We are unable to find that Herman's stock in Hank Zarnow, Inc., was worthless in 1960 or that it can give rise to a $1,000 deduction for that year. From the fact that the corporation was insolvent on March 14, 1961, we might infer that the stock was worthless in 1960. But we cannot draw that inference in this case, because as late as December 15, 1960, Herman was still advancing the corporation funds, thereby suggesting that the stock was not worthless in late 1960. Aside from the difficulty in determining when the stock was worthless, the petitioner has not shown how much stock was owned, how much it cost, or whether such stock was paid for. Without such information, we cannot determine whether the petitioner's claim for $1,000 deduction is valid. The burden of proving the elements of a deduction for worthless stock is on the petitioner, Nickoll v. Commissioner, 103 F.2d 619 (C.A. 7, 1939), affirming a Memorandum Opinion of this Court; Hobby v. Commissioner, 97 F.2d 731 (C.A. 5, 1938), affirming a Memorandum Opinion of this Court, and she has failed to carry that burden.

The same result follows with respect to the petitioner's claim for a bad debt deduction— it cannot be allowed because the petitioner has not carried her burden of proof. This record contains no evidence showing whether the debts were business or nonbusiness debts, whether they were in fact bona fide loans, or when, if ever, they became worthless. Cf. Guffey v. United States, 339 F.2d 759 (C.A. 9, 1964).

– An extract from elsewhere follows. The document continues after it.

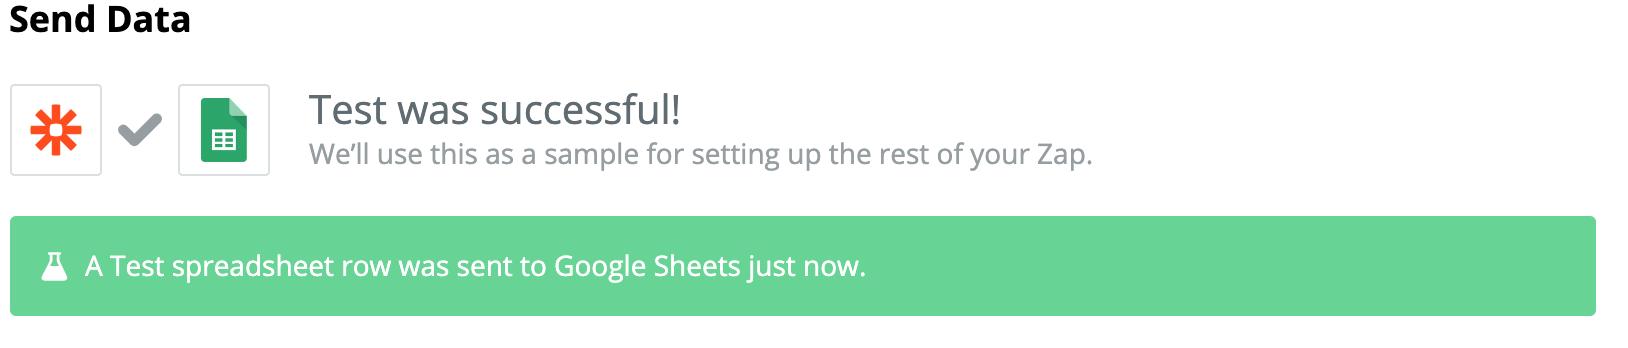 Google Sheets data successfully sent

The petitioner's last argument is that the 5-percent penalty for underpayment of taxes due to negligence or intentional disregard of rules and regulations does not apply to the self-employment tax.

The 5-percent addition to tax provided by section 6653(a) applies to all taxes imposed by subtitle A of the Internal Revenue Code of 1954. The self-employment tax is imposed by chapter 2 of subtitle A, and is thus within the express terms of section 6653(a). The legislative history of section 6653(a) indicates that it was intended to be applied to all taxes on income, and the regulations expressly provide that the penalty is applicable to the self-employment tax. H.Rept.No. 1337, 83d Cong.,2d Sess.,p. A419 (1954); S.Rept.No. 1622, 83d Cong.,2d Sess.,pp. 591, 592 (1954); sec. 1.1401-1(a), Income Tax Regs. Moreover, the petitioner has failed to show that her underpayment of tax was not due to negligence or intentional disregard of rules and regulations, or that the self-employment tax is inapplicable in this case. Cf. David Courtney, 28 T.C. 658 (1957), acq. 1947-2 C.B. 4. We find that the addition to tax applies.

SEC. 6653. FAILURE TO PAY TAX.(a) NEGLIGENCE OR INTENTIONAL DISREGARD OF RULES AND REGULATIONS WITH RESPECT TO INCOME OR GIFT TAXES.— If any part of any underpayment (as defined in subsection (c)(1) of any tax imposed by subtitle A or by chapter 12 of subtitle B (relating to income taxes and gift taxes) is due to negligence or intentional disregard of rules and regulations (but without intent to defraud), there shall be added to the tax an amount equal to 5 percent of the underpayment.

In order to reflect our resolution of the issues and to reflect the concessions made by the respondent,

Decision will be entered under Rule 50.